Written by Alina Mae Wilson
What exactly makes a story and show stand the test of time? The obvious challenge in answering this question stems from the fact that each show is different and therefore entertains its audience in another way. In the case of Charles Dickens’s A Christmas Carol, the more arguable answer is the continued relevancy of the main character’s journey. South Coast Repertory’s newest presentation of this iconic tale lives up to theatergoers’ expectations in most ways, bringing the play to you with visual beauty and convincing acting.
Ebenezer Scrooge is a bitter old miser who harbors an aversion to anything resembling Christmas cheer. This includes smiling, using more coal when the room is freezing, and accepting invitations to dinner from your only known relative. Other characters assure the audience that this is not simply a result of the holiday; Scrooge is the epitome of stingy loneliness all year. The man neither gives nor receives happiness. The catalyst of his journey towards change begins with a visit from his now-deceased business party Jacob Marley’s ghost, who informs him of the coming of three Christmas Spirits, which will help him change his fate.
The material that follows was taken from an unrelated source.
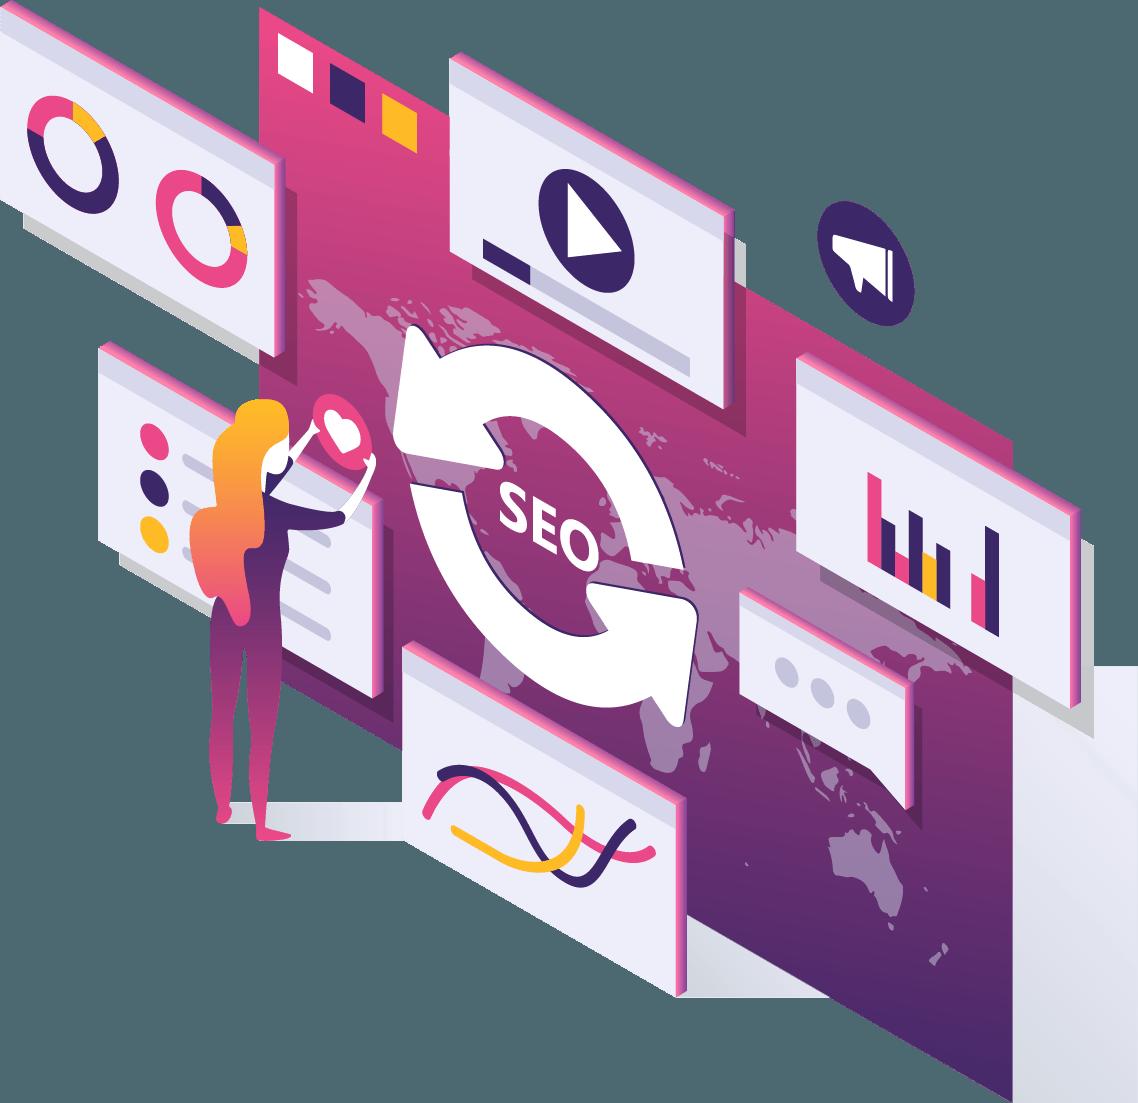 Best SEO Company Australia| Best SEO Services Sydney

Everything regarding the appearance of this show is fantastic. The costumes are everything that might be desired, the lighting is dismal/uplifting in all of the right parts, and the special effects exceed expectations. Ebenezer Scrooge is described in the program as a “grasping, covetous old man,” and his role is played accordingly. The caustic tone used when he is bargaining the terms of his impoverished clerk’s one day per year shows a side of Scrooge that I have not seen in any other adaptation–he might be something of a sadist. His snide comments and withering stares indicate that he is not simply grouchy but is actively enjoying causing harm to someone weaker than himself. In other versions, he is usually just in a bad mood.
One of the weaker acting aspects of the night was the moments of fear Ebenezer felt when meeting the ghosts. The emotions of fear didn’t come through, as did all the other emotions the actor displayed that night.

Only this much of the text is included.